Her opponent has handled several high-profile prosecutions in her time with the district attorney’s office. But Clowers-Sanborn has said, she’s ready to expand her influence on the criminal justice system.
“I want to have more impact on the community than I do as a district attorney, even though to be fair I think being a district attorney is a very powerful position,” she said. “I use the criminal justice system to help people, and I could do that even more so as a judge.”
North Las Vegas Justice Court
At North Las Vegas Justice Court, Lee, who was elected in 2008, has served on the bench for 12 years. He wants six more years.
But Harris, a deputy public defender who recently found herself at the center of police and media attention during a Black Lives Matter protest, could unseat him.
Harris was working as a legal observer in June when she was detained by police on the Strip during a protest.
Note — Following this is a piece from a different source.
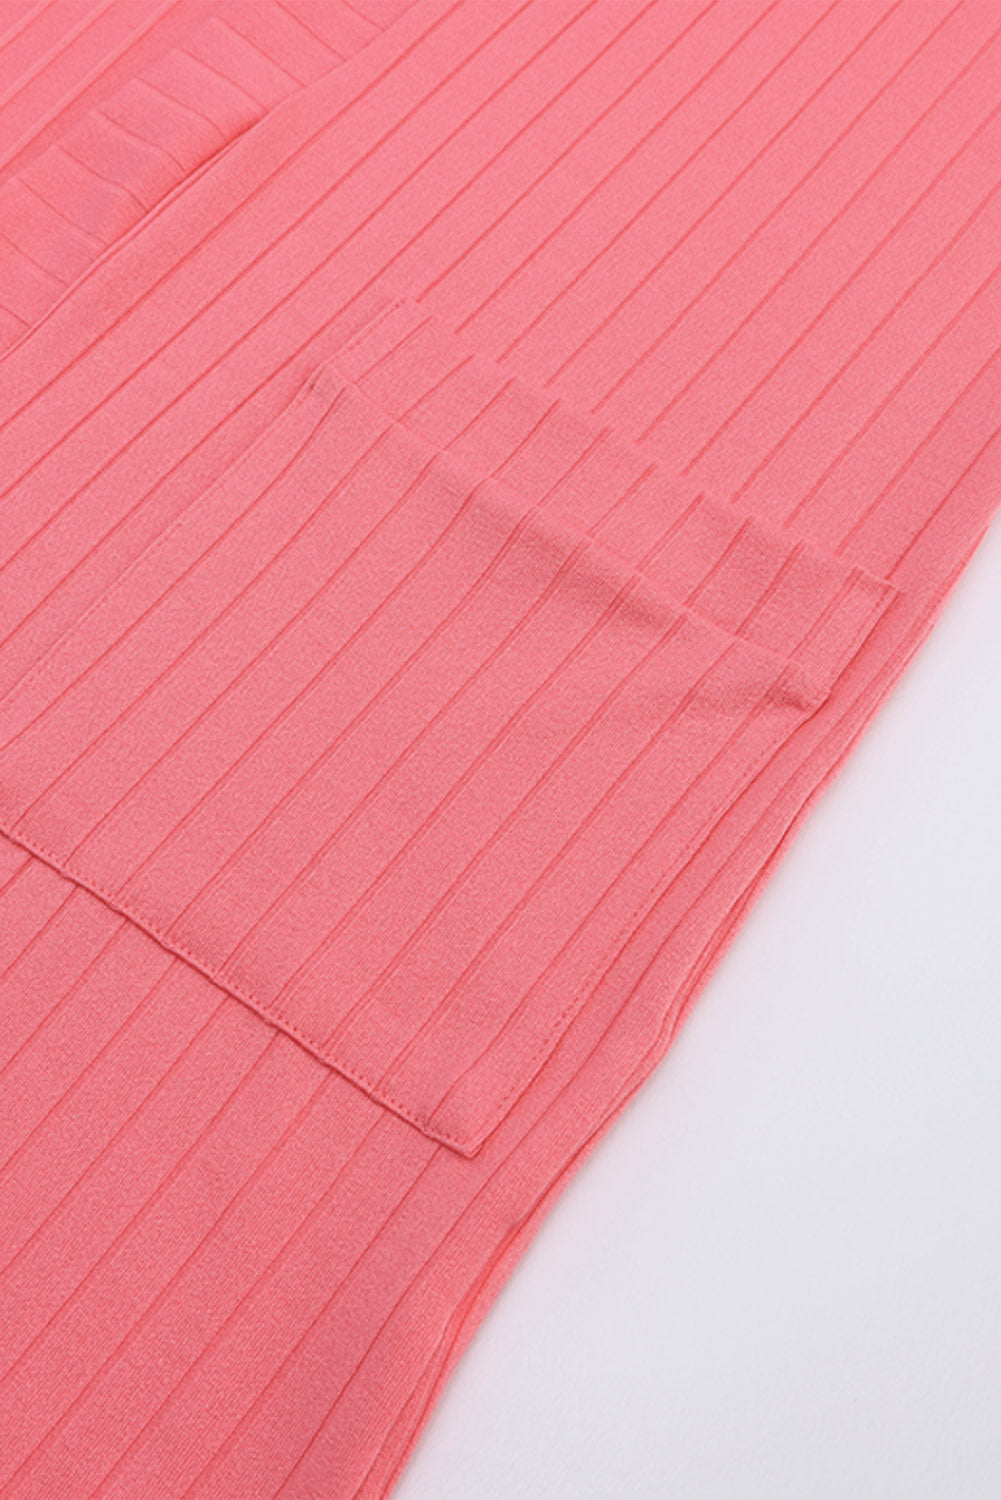 Cardigan in maglia rosa con tasca frontale aperta

Lee has been critical of Harris’ actions while she campaigned for public office.
“It’s no time to be an activist at this point,” Lee said. “If there are any questions about whether my opponent is an activist or will be an activist on the bench, you can certainly Google her name. … It’s important that you have someone with experience to make sure our community is safe.”
Harris’ encounter with police came under scrutiny after authorities called her claim that she was thrown to the ground “unfounded.” She was one of 15 legal observers who walked the Strip among hundreds of protesters peacefully demonstrating against police brutality.
“I’ve never been a witness to such civil unrest,” Harris previously told the Review-Journal. “So to see the dialogue and the interactions and different things, it has all been extremely enlightening.”
In the Review-Journal judicial survey, Lee earned a 76 percent retention rating, earning high marks for fairness and efficiency. He also serves as a captain in the Air Force Reserves JAG Corps.
His opponent, who was born and raised in North Las Vegas, has called herself “the most authentic candidate in this race.”